Hélène Berr ist 19 Jahre jung und voller Träume, als Hitlers Truppen in Frankreich einmarschieren und das Land besetzen. Trotz des Machtwechsels ändert sich für die französischen Juden vorerst nichts. So wird Hélène die Möglichkeit gegeben, an der berühmten Universität Sorbonne Englische Literatur zu studieren und an den wenigen freien Tagen sich mit Freunden zu treffen und mit ihnen Momente der Unbeschwertheit zu verleben. Doch nur wenige Monate später hat der vermeintliche Frieden ein Ende und die Grausamkeiten der Nationalsozialisten nehmen unvermindert an Kraft zu. Hélène erlebt dies alles hautnah mit und hält es im "Pariser Tagebuch" für die Nachwelt fest.

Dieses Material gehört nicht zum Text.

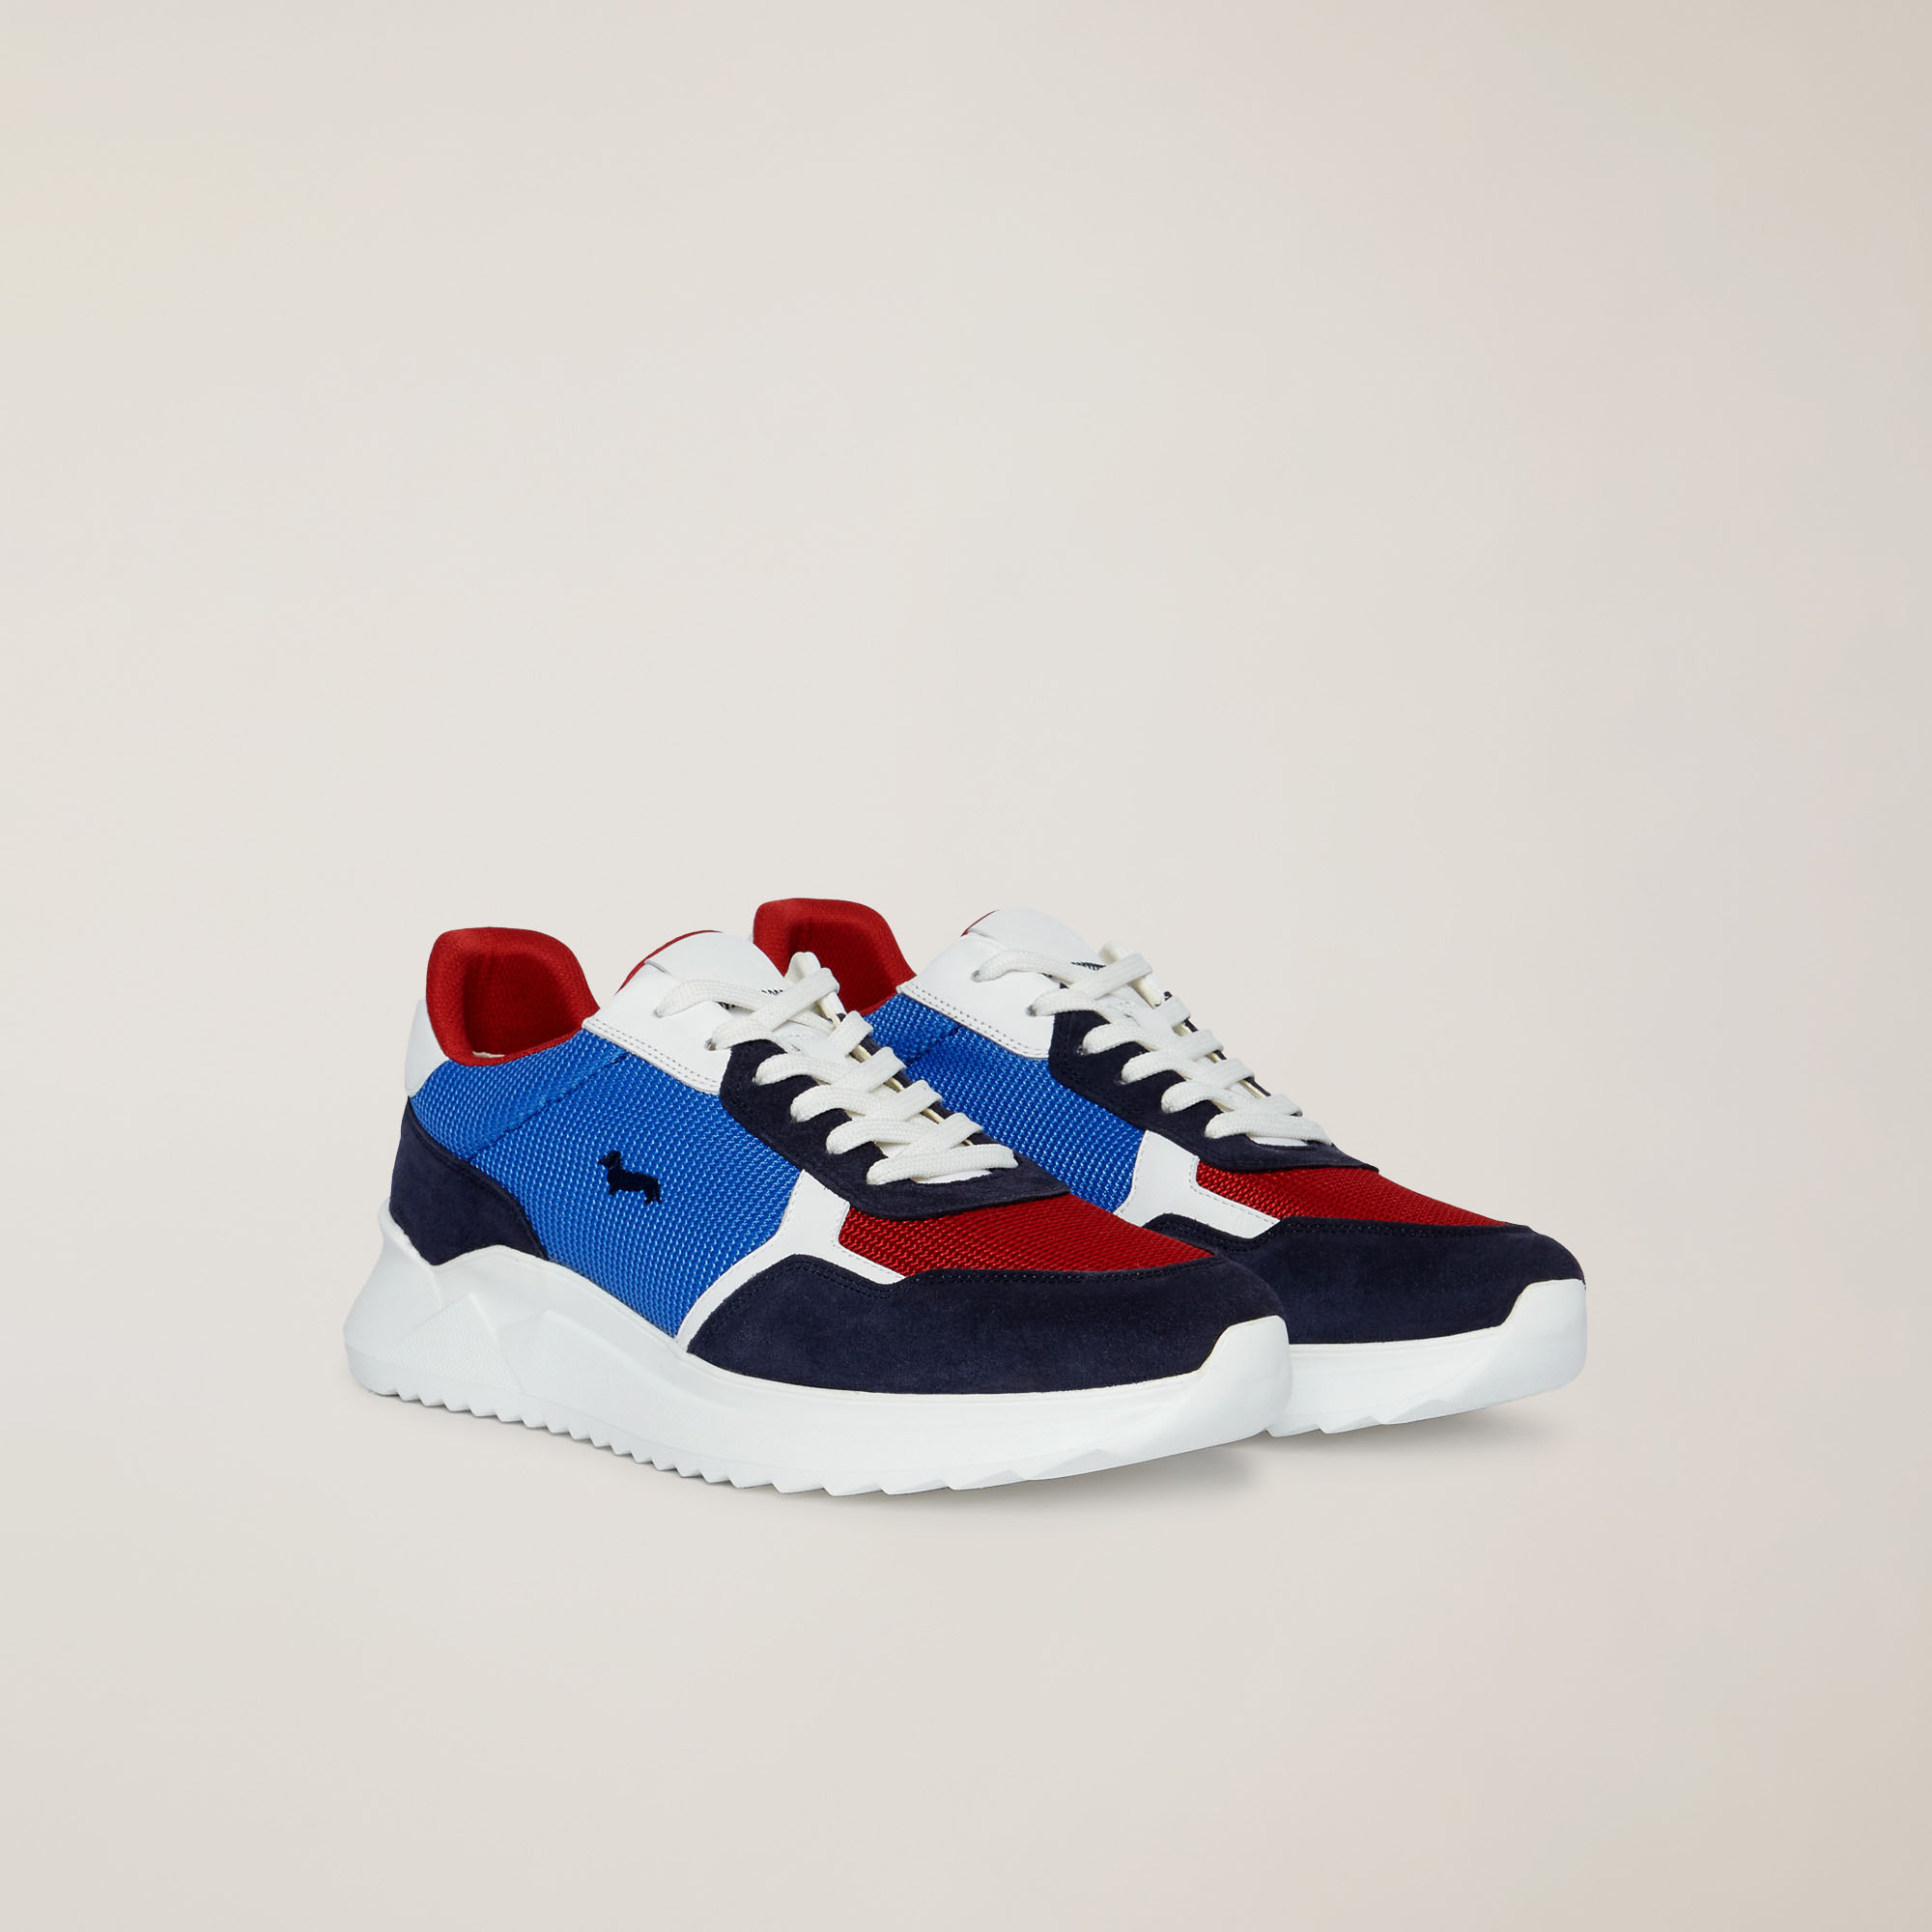 Mixed-Material Sneaker, Blue/Red, large image number 1

April 1942: Paris ist von den Deutschen besetzt, aber noch herrscht auf den Straßen und Plätzen der französischen Hauptstadt normaler Alltag. Auch Hélène wird von der Leichtigkeit des beginnenden Frühlings angesteckt und verlebt mit ihren Freunden eine unbekümmerte Zeit. Sie unternehmen Ausflüge aufs Land, geben sich der Literatur und Musik hin und denken über das Leben und die Liebe nach. Zwei Monate später wird die friedliche Ruhe durch verschärfte Gesetze zerstört. Hélène muss fortan den Judenstern tragen und steht unter zunehmenden Repressalien, die nicht nur sie an ihre Grenzen bringen.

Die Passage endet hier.